The genius who said the controls for flight were passable needs to have their head examined. Somehow, someway, flying is even worse than LEGO Batman 2. This wouldn't be so much of a problem if there were not flying races where you have to carefully speed through aerial rings. These races glaringly show the flaws of the control implementation. You raise up with one button, and lower with another. The problem here is that the lower button and the land button are the absolute same thing. It becomes clear this is inexcusable in narrow areas where you have to stay close to the ground, only to accidentally land, screwing up any momentum you possibly had going.

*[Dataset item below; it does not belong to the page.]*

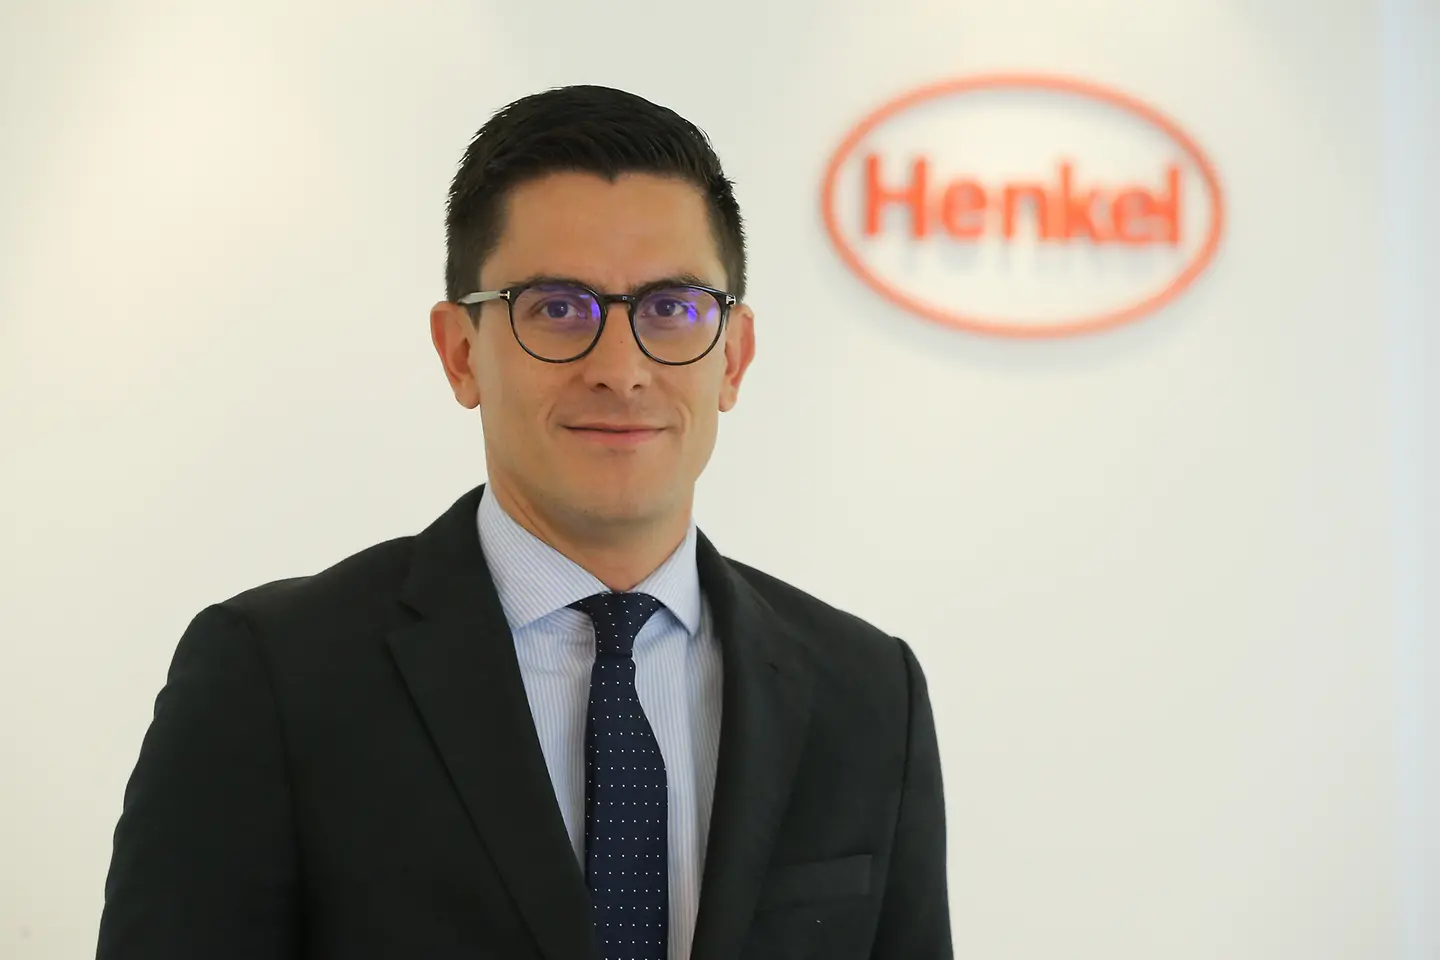 André Barón – André em pé, usando um terno preto. Ao fundo, parede branca com o logo da Henkel.

It's fun to explore the many areas of Manhattan.
Then there's free play that unlocks after a given story level is completed. These allow you to take the characters you've already purchased or otherwise unlocked into the level with you, granting you access to previously unavailable areas and to solve previously impossible puzzles. When you originally play a story level, you are very limited in what characters you have to choose from. You just have the ones the game has granted you as it pertains to the LEGO Marvel's overarching story. This means you're lucky to be able to find 1-3 minikits in a given level, of which there are ten in each. Through having any character you have unlocked available to you, you can get all of the minikits in each level.

Say "cheese" everyone!
However, like most things in LEGO Marvel Super Heroes, there's something else that soils this slightly. In past LEGO games when you were in free play mode, you could switch characters with the shoulder buttons. In LEGO City Undercover for the Wii U, this was possible, as well as holding a button brought up a character selection wheel to easily switch between your most used/selected characters. This isn't the case in LEGO Marvel Super Heroes, of course, as in this one you have to hold a specific button for a second, have a menu slide up from the bottom of the screen, select your desired character, and wait for the two or three seconds it takes to load them. This would be fine if you didn't have to change characters so much. You're constantly needing to switch back and forth between numerous types of characters to solve puzzles. That's switching between Iceman to remove the fire in the way, Magneto to interact with the magnetic object, Jean Grey to use her telekinesis to assemble another object, and then Thor to use his lightning to activate a switch. It's tedious to switch so much.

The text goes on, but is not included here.